Inflation in South Africa rose sharply in September but stayed within the central bank’s target range, fuelling analysts’ expectations that interest rates would be left unchanged next month.
Statistics South Africa said headline consumer inflation rose to 5.4 percent year-on-year in September from 4.8 percent in August, with food, fuel and transport sectors being the biggest contributors.
Core inflation, which excludes food and fuel costs, fell to 4.5 percent year-on-year in September from 4.8 percent in August.
The South African Reserve Bank (SARB) targets inflation between 3 percent and 6 percent and prefers to see it around the midpoint of that range.

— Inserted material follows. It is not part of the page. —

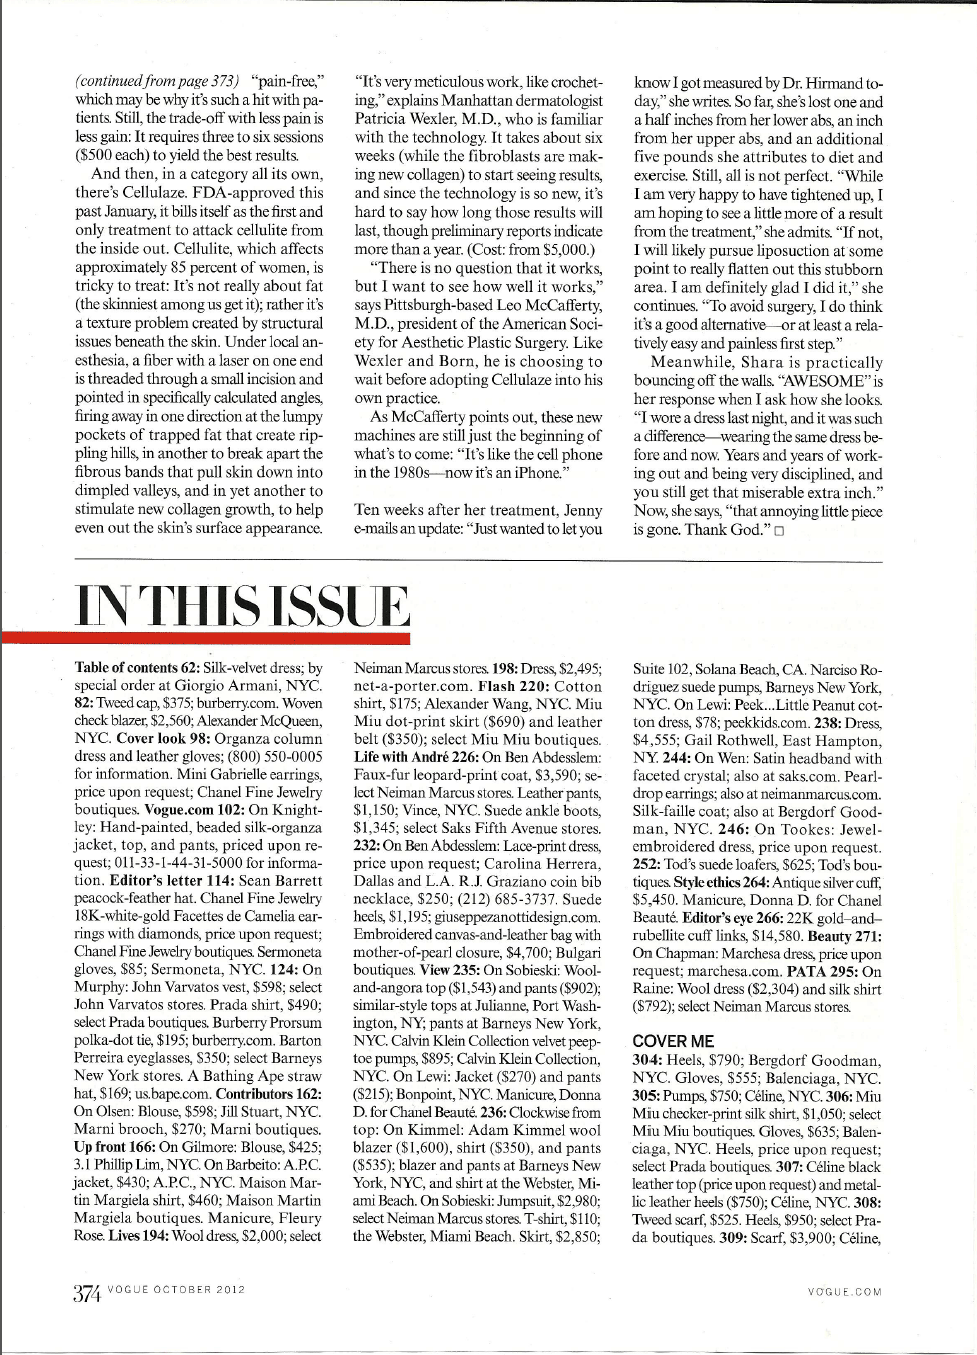 coolsculpting in vogue magazine 5

Economist Elize Kruger said headline inflation was likely to remain above 5 percent until around the third quarter of 2024 but that the current level of interest rates was sufficiently restrictive.
“The SARB will keep rates unchanged at this level for a prolonged period before a first cut in interest rates would be considered,” she said.
Investec economist Annabel Bishop said inflation was expected to average 5.8 percent this year and 4.6 percent the next, while the rand currency and fuel prices posed risks to its outlook.
The central bank kept rates on hold in its previous two policy meetings after 10 consecutive hikes to curb inflation.
“There are likely to be no further hikes in South Africa’s interest rate cycle,” Bishop said.